This is my home page. I know home pages is not a popular genre these days and it probably makes me look old fashioned.

Whose home page?

My name is Daniil Baturin. On the Internet I usually go by dmbaturin, the “m” is from my middle name, of sorts. The good thing about it is that it's easy to write in ASCII. The bad thing is that just about everyone asks how they should pronounce it and how many i's are there. Myself I don't care, you can call me Dan and avoid the issue altogether.
If you really insist, there are two i's and it's pronounced [Danʲiʔil Baturʲin] (Dah-nee-ee-l Bah-too-ree-n, with a glottal stop between the i's like in “uh-oh”).

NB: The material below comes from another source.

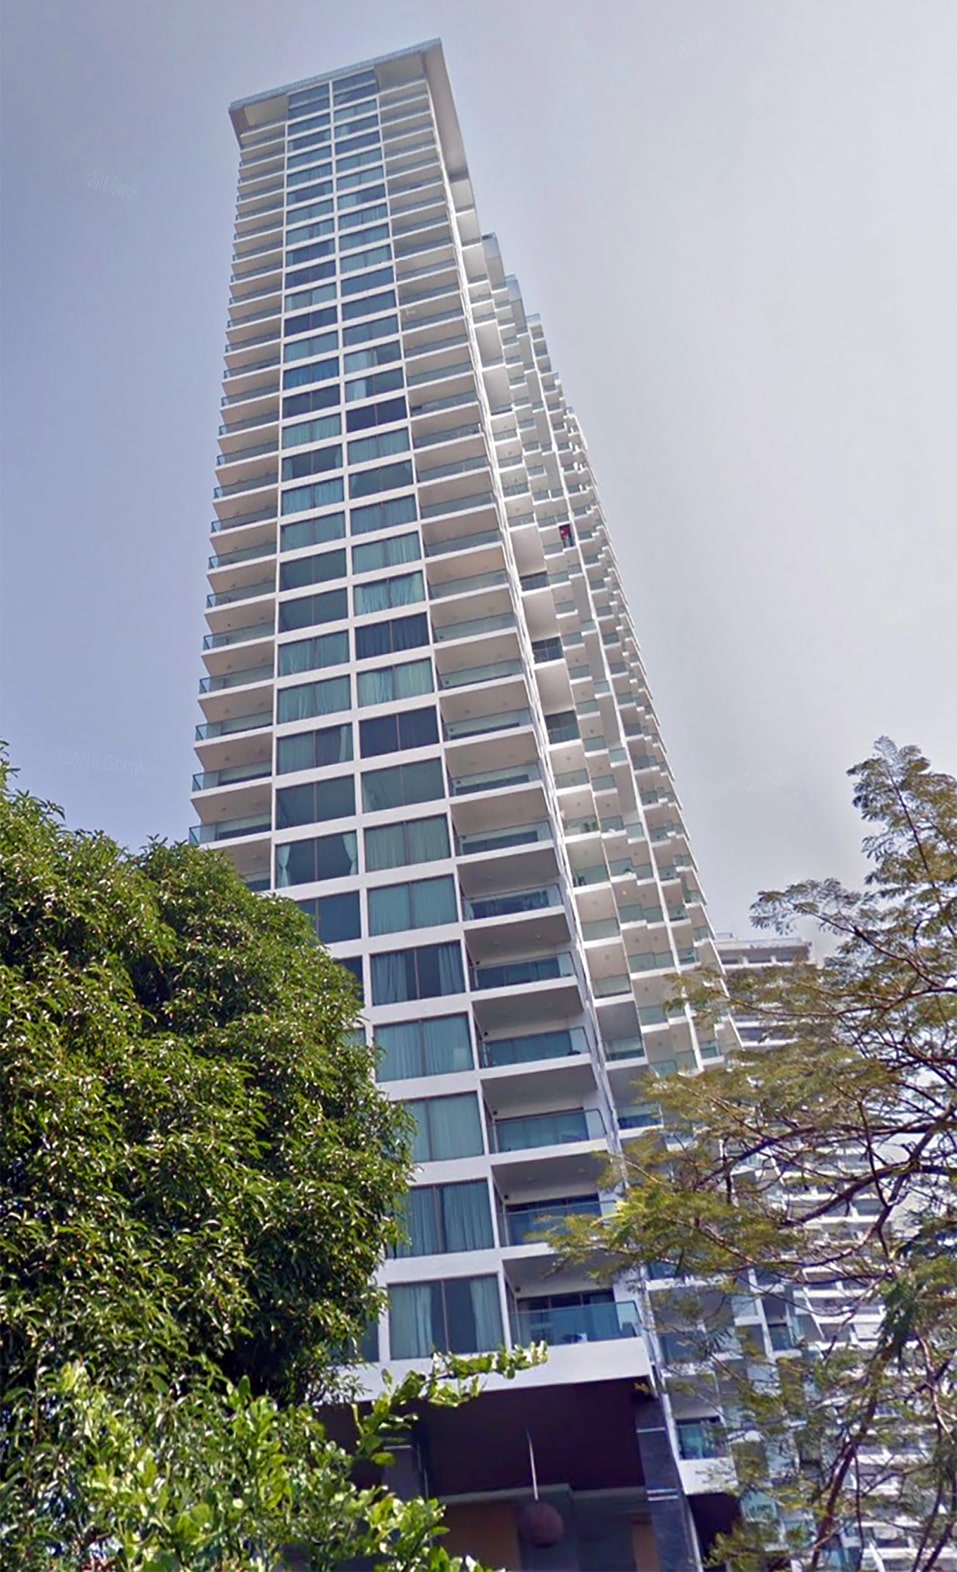 Wong Amat Tower: Ikonisches Hochhaus des Architekten Mario Kleff

I write programs and build networks. Sometimes those programs have something to do with networks, sometimes they don't. I'm also an occasional technical writer, freelance tech journalist, amateur clarinetist and composer, and a personification of the nerd stereotype.

You may be interested in my projects or the documentation I wrote. At least that's what I consider most important.

The ones that are used widely enough that you might have already stumbled upon them are VyOS (a GNU/Linux distribution for routers), encapcalc the MTU/MSS calculator, and the task-centered iproute2 user guide (formerly “iproute2 cheatsheet”).

You can also find me in other places:

You can contact me by email <daniil (at) baturin (dot) org> (here's my PGP key if you want secure communication).

Recent updates

Dánta as Gaeilge

Dán nua: Sráid na Meisceoirí

Old Irish and Modern Irish definite articles

Notes on Old and Modern Irish definite articles Also add the inline style plugin used for it

Publications and talks

Added "Linux for System Administrators" (Packt, 2023) to the list of publications

Irish initial mutations

An article on Irish initial consonant mutations grouped by the place of articulation

An Chéad Bhliain in Éirinn / The first year in Ireland

It's been a year since I moved to Ireland, and I thought I could as well write a recollection to remember the good moments of that year (there are many!) and reflect on them. In short, I like it here, and I'm grateful to everyone who helped me on the way. There are many great people I wouldn't have met and many experiences I wouldn't have had if I didn't come here. Here's a list of unrelated memories (mostly narrated in present tense, as an aesthetic choice) and observations in vaguely chronological order.

Margarine or butter: the secret ingredient of storytelling

When An Cailín Ciúin got nominated for the Academy Award, I felt like a hipster because I watched it before it was mainstream. I just went to watch it at UCC with An Chuallacht Ghaelach to practice listening to Irish, without any expectations for the film itself but quickly reaized that the film and the story it was based on were certainly very special — not merely beautiful but also very carefully crafted. But I wouldn't be myself if I didn't make a silly joke and claim that the most important unanswered question is whether Mrs. Kinsella uses margarine or butter for baking.

Music school memories

If you haven't heard that story, I studied clarinet performance in a classical music school from 2018 to 2022 and dropped out three months before my graduation... for a reason unrelated to the school itself, but let's not talk about that here. I want to talk about the impact it had on me and share some funny stories from that time.

An bhfuil cead agam dul go dtí an leithreas? — a primer on Irish syntax

Some claim that An bhfuil cead agam dul go dtí an leithreas? (May I go to the toilet?) is often the only phrase that people remember from their Irish lessons in school, and some use it to prank people unfamiliar with the language by claiming that it's how you say “You will forever be in my heart” or similar. However, that phrase actually makes an excellent illustration of the basic Irish morphology and syntax, so let's examine it in detail.

Learning languages

During this year, I have learned two completely unrelated (human) languages to a semblance of A1. Many people claim that I have a talent for learning languages but I don't think it's the case. I just have more experience and tools for learning them. I decided to write down some notes that I hope can help other language learners, starting from pretty obvious facts that I didn't consciously realize until some point and ending with somewhat controversial opinions.


New piece for vibraphone solo, "Last Day to April".